From this recent interview on video, Greenspan evidently doesn't believe in the classical dichotomy:
http://news.bbc.co.uk/1/hi/world/americas/7616388.stm
Posted by: Bob B | September 24, 2008 at 10:38 AM
As ever, I can't help but feel when governments say " something must be done" it already doesn't need doing.I would be most surprised if the US housing market isn't very near its nadir with the bottom fishers already out in force. And Warren Buffett's bet on Goldman Sachs says more about what's really happening than all the huff and puff on Capitol Hill
Posted by: kinglear | September 24, 2008 at 11:22 AM
All establishments whatever their make up close ranks when the Shit hits the fan. they are never going to admit that some of its finest brains and most prestigious bodies both state and private believed in alchemy, even the press turns a blind eye to that as they have a lot to lose too.
The current excuse is wall street got drunk, and all thats needed is a few billion buckets of water of their heads to sober them up is what the good citizenry should undertake. Leaving them to lift themselves out of their own sick will undermine the assumption that the only great and the good should rule.
Posted by: passer by | September 24, 2008 at 11:59 AM
The US housing price collapse is not near done; just as ours is not.
The BRIC's are struggling as capital is withdrawn from their economies; Russia had to close its markets last week. Domestic demand is still small by comparison with exports.
The numbers for US growth were widely discredited and the downward reviews are expected.
The plan may still have an element of scaremongering, but the real economy will take a steep dive if no deal is done and the banks are effectively left to go under.
You wouldn't start from here, but here we are now....
Posted by: Cityunslicker | September 24, 2008 at 01:41 PM
Have you seen this piece by Martin Wolf in Wednesday's FT?

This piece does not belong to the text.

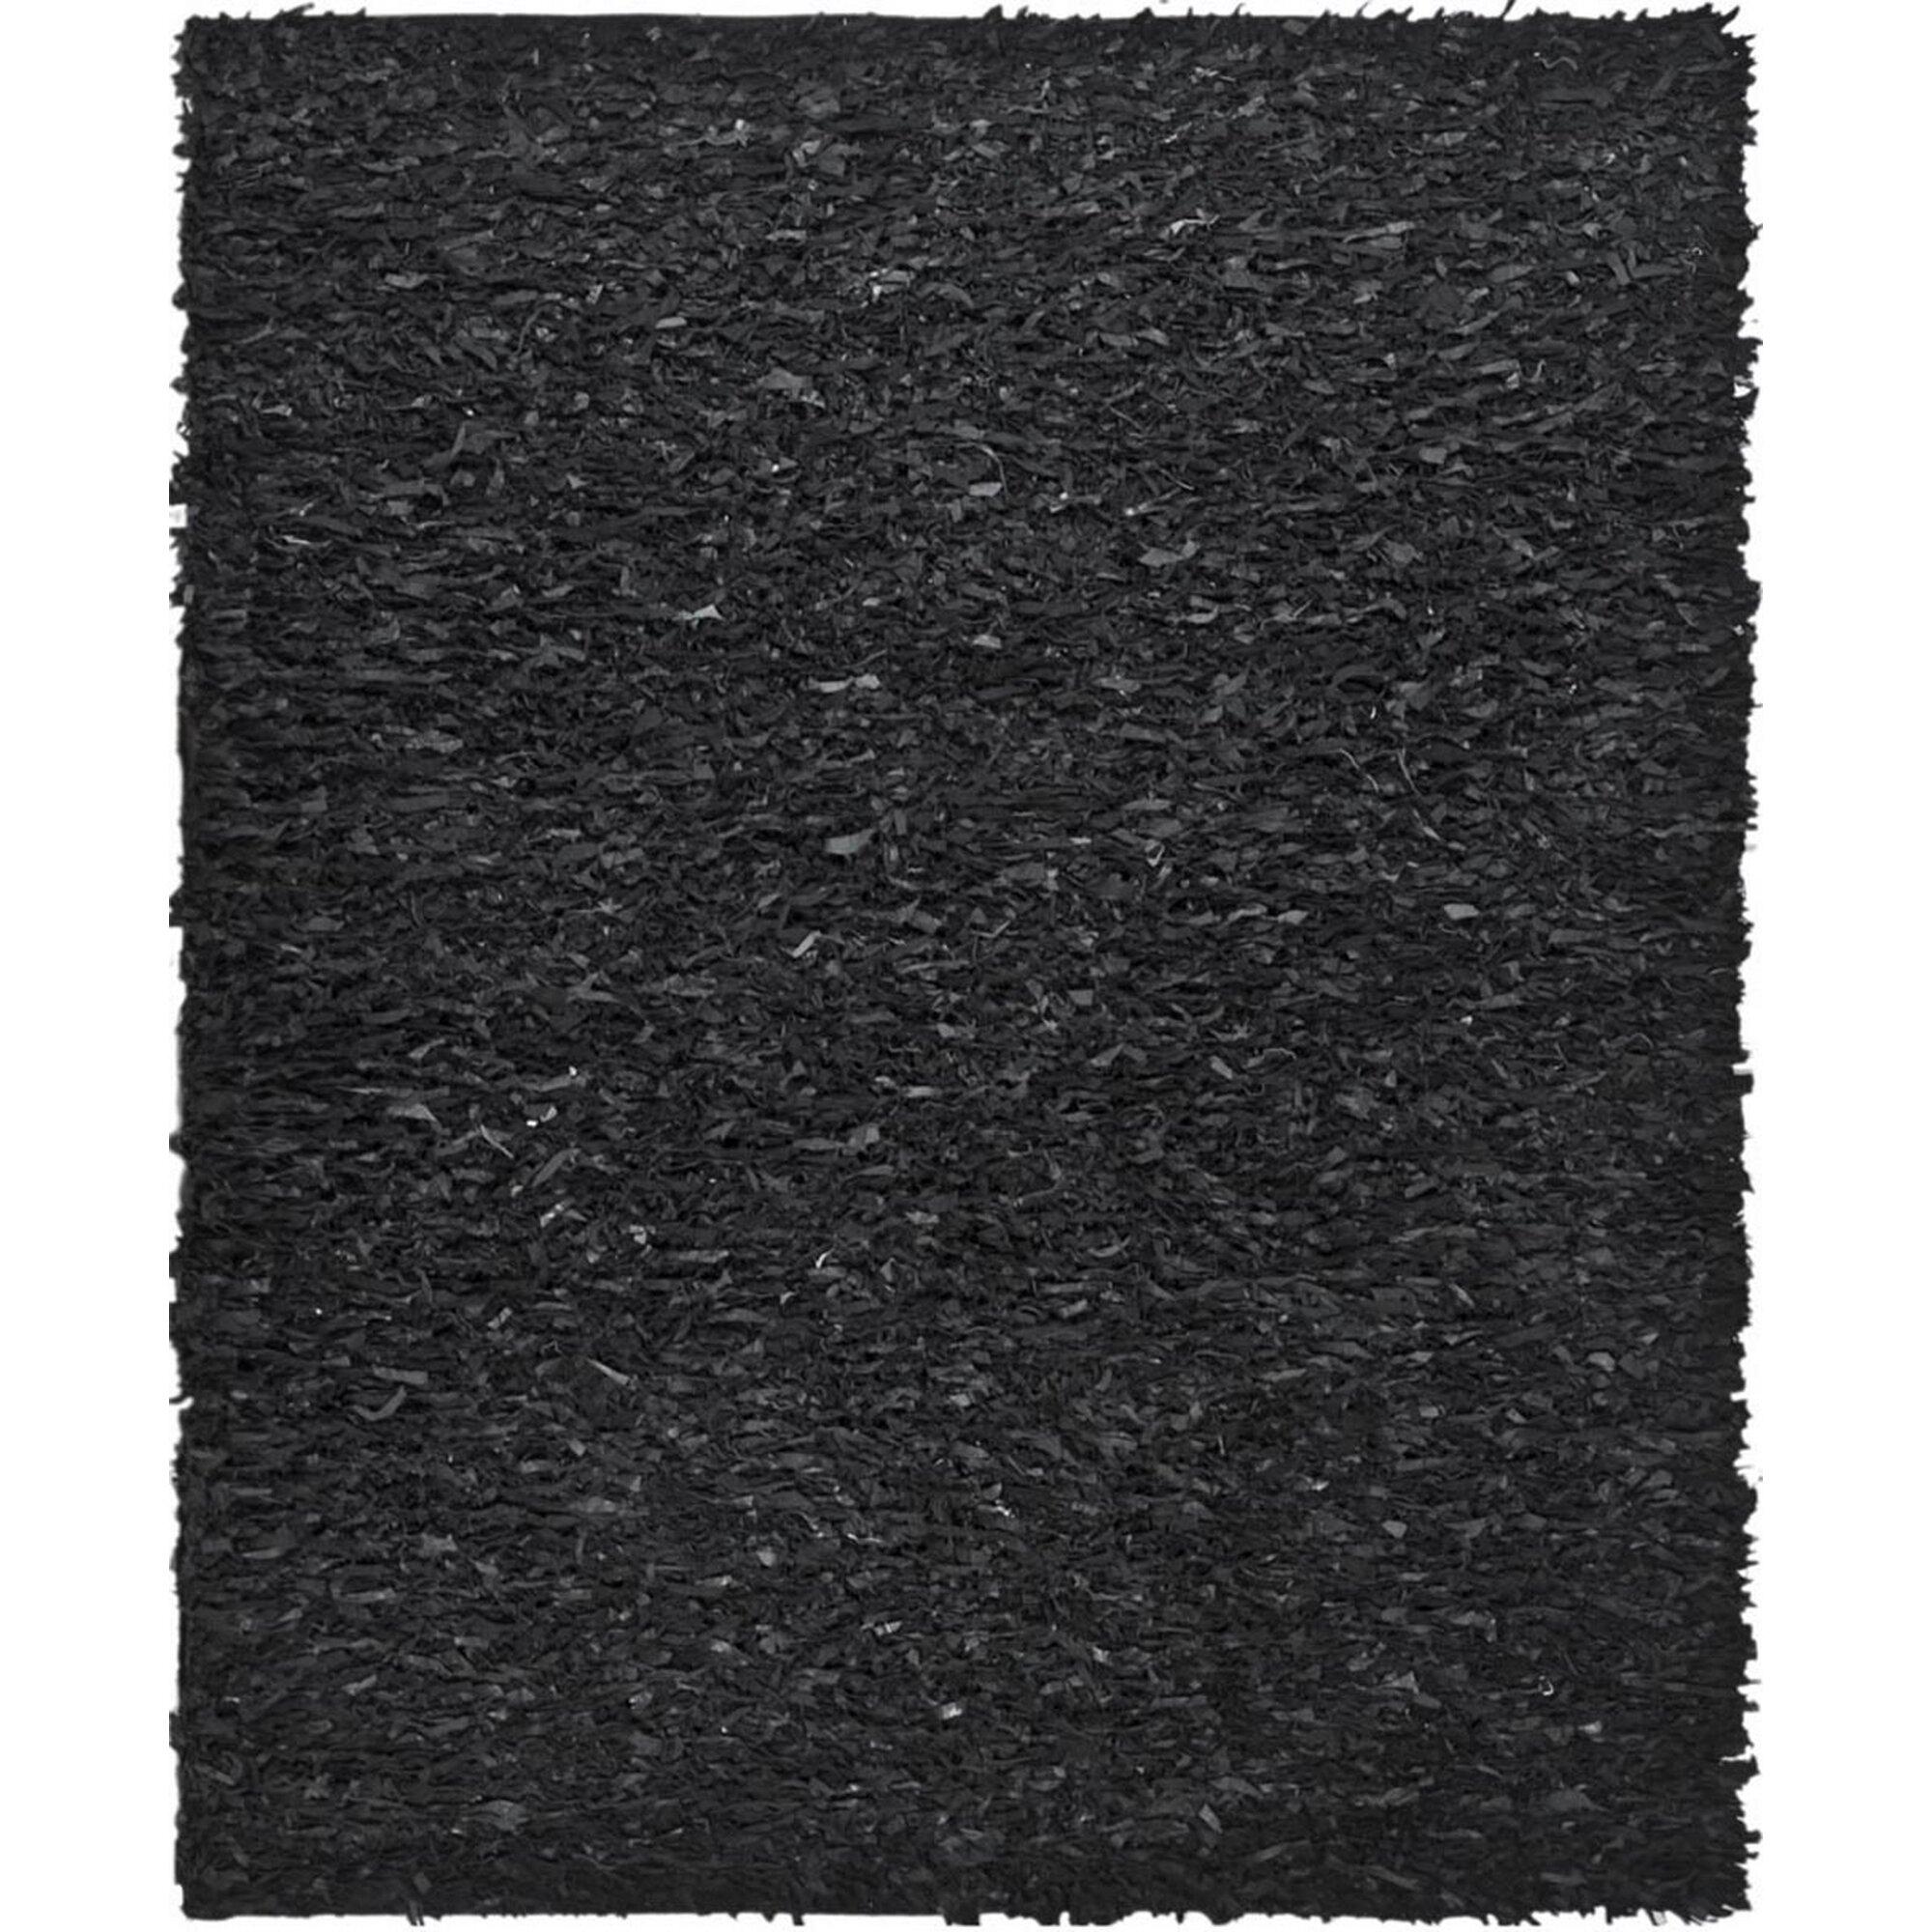 Safavieh Leather Shag Black Area Rug I Amp Reviews Wayfair

http://www.ft.com/cms/s/0/a09b317e-898d-11dd-8371-0000779fd18c.html
It's a damning - and worrying - critique of Paulson's plan for rescuing American financial institutions from the consequences of their toxic investments.
In The Times, Jack Welch - former chairman and CEO of General Electric - is reported as saying: "the US economy is facing a deep downturn."
http://business.timesonline.co.uk/tol/business/industry_sectors/banking_and_finance/article4821090.ece
I think we can say with confidence now that the Bush administration has been a complete and utter disaster.